UNRISD’den Yeni Bir Eko-Sosyal Sözleşme
Eşitsizlikler konusunda çalışan Birleşmiş Milletler Sosyal Kalkınma Araştırmaları Enstitüsü (UNRISD), 2021-2025 stratejisinde, 20. yüzyılın sosyal sözleşmesi ile Sürdürülebilir Kalkınma Amaçları (SKA)’nın gerçekleştirilmesinin mümkün olmadığını belirtiyor. UNRISD’in, daha kapsayıcı, adil ve sürdürülebilir toplumları inşa etmek için önerdiği yeni ekolojik ve sosyal sözleşme, birçok açıdan 20. yüzyılın sosyal sözleşmesinden farklı. Bu farklılıklar şu şekilde sıralanıyor:
1. Herkes için insan hakları
Yeni eko-sosyal sözleşme, önceki sosyal sözleşmelerden dışlananlar veya kadınlar; kayıt dışı çalışanlar; etnik, ırksal ve dini azınlıklar; göçmenler ve LGBTQIA+ bireyler gibi ikincil bir rollere yerleştirilenler de dâhil olmak üzere herkesin insan haklarından yararlanmasını güvence altına almalıdır. Bu da kayıtlı istihdama bağlı sosyal yardımların ötesine geçen insan haklarına dayalı bir yaklaşımı gerektirir.
2. İlerici bir mali sözleşme
Yeni bir eko-sosyal sözleşme, iklim eylemi ve Sürdürülebilir Kalkınma Amaçları (SKA)’nın uygulanmasını finanse edecek kaynakları toplayan ve finansman yükünü adil bir şekilde dağıtan yeni bir mali sözleşmeyle birlikte yürümelidir.
3. Ekonomileri ve toplumları dönüştürmek
Yeni eko-sosyal sözleşme, iklim değişikliğini ve çevresel yıkımı durdurmak; sosyal içermeyi ve toplumsal eşitliği geliştirmek için ekonomileri ve toplumları dönüştürmemiz gerektiğine dair ortak kabule dayanmalıdır.
4. Doğa sözleşmesi
Yeni eko-sosyal sözleşme, insanların küresel ekosistemin bir parçası olduğunu kabul etmelidir. Elzem ekolojik süreçleri, yaşam destek sistemlerini ve yaşam formlarının çeşitliliğini korumalı ve doğa ile uyum sağlamayı amaçlamalıdır.

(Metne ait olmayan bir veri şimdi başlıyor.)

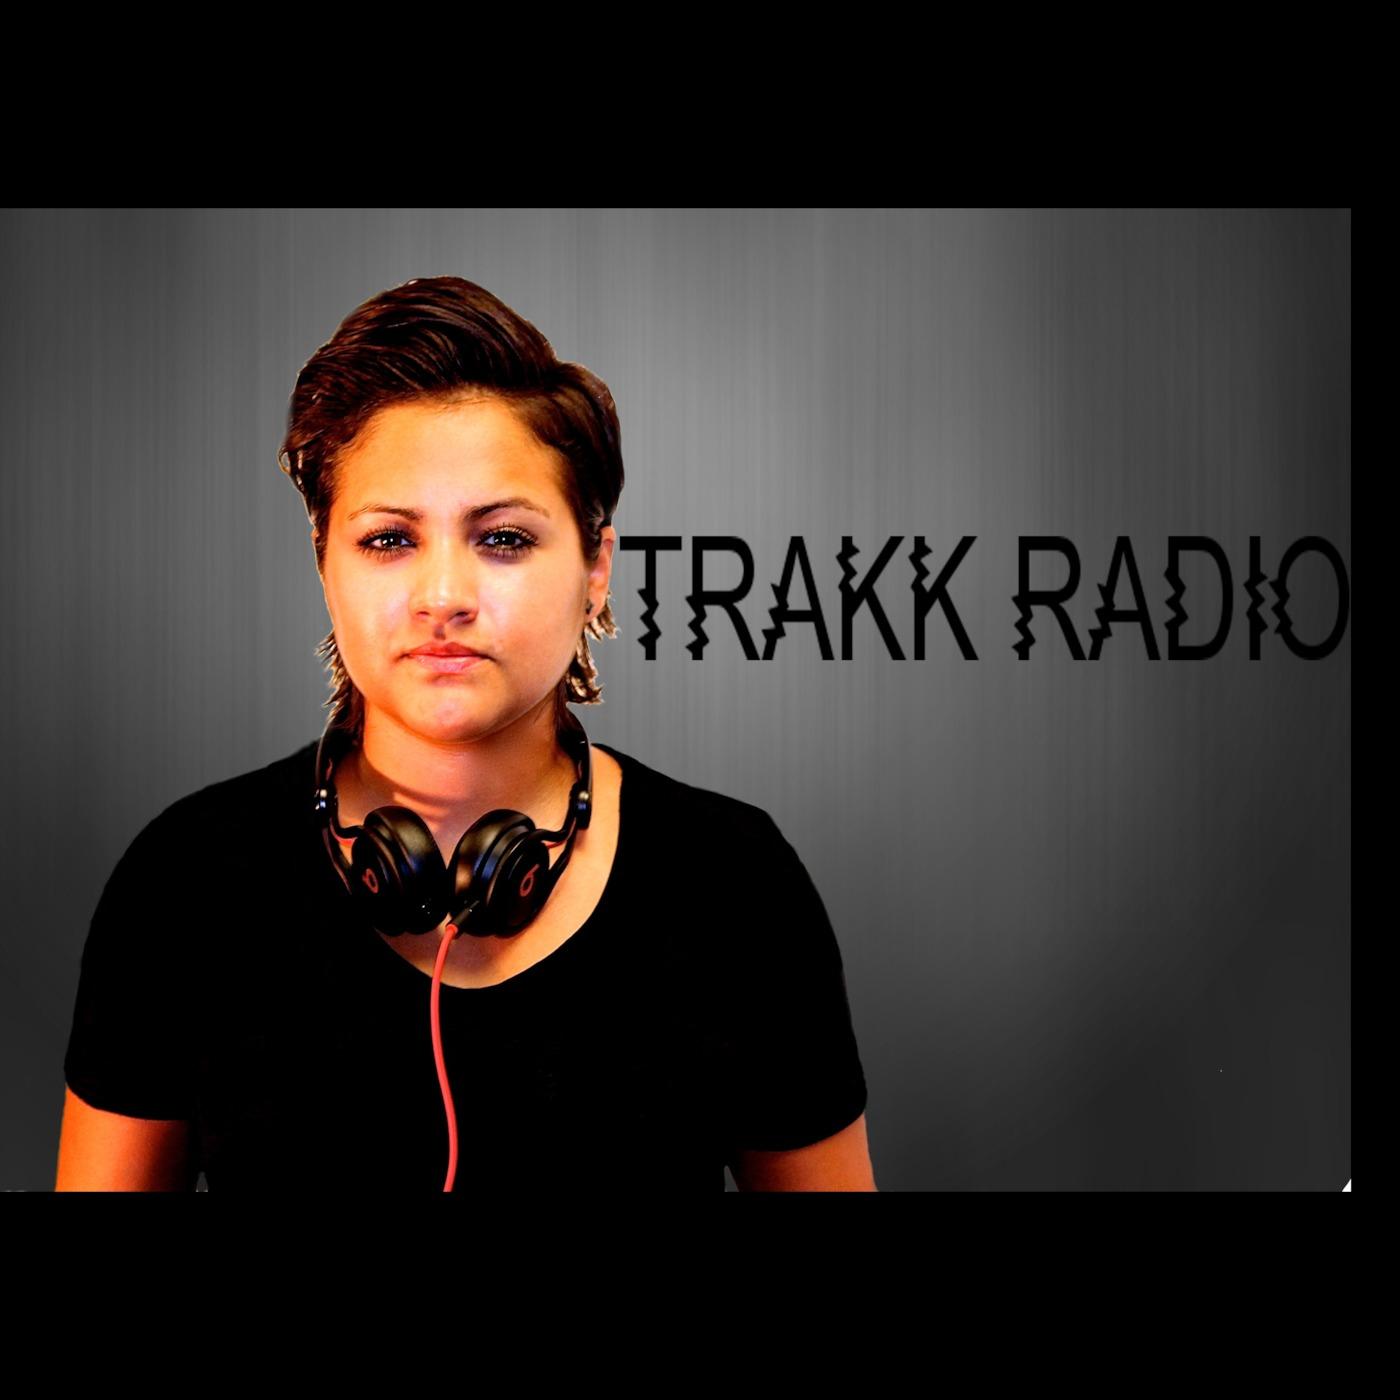 TRAKK RADIO

5. Tarihsel adaletsizliklere odaklanmak
Küresel Güney’in sosyal değerlerinin, kapasitelerinin ve yerli halklarının bilgisinin sağladığı farkındalıkla, yeni eko-sosyal sözleşme, sömürgeciliği sonlandırmalıdır. Tarihsel adaletsizlikleri iyileştirmeli ve adil geçişler yoluyla iklim kriziyle adil bir şekilde mücadele etmelidir.
6. Toplumsal cinsiyet adaleti için sözleşme
Yeni eko-sosyal sözleşme, önceki sosyal sözleşmelerin eşitsiz bir cinsel sözleşme üzerine kurulduğunu kabul etmelidir. Yeni eko-sosyal sözleşme, üretim ve üreme faaliyetlerinin kadınlar, erkekler ve farklı cinsiyetler tarafından eşit olarak paylaşıldığı ve cinsel yönelimlere ve cinsiyet kimliğinin ifadelerine eşit saygı gösterildiği ve eşit hakların verildiği bir toplumsal cinsiyet adaleti sözleşmesi ile örtüşmelidir.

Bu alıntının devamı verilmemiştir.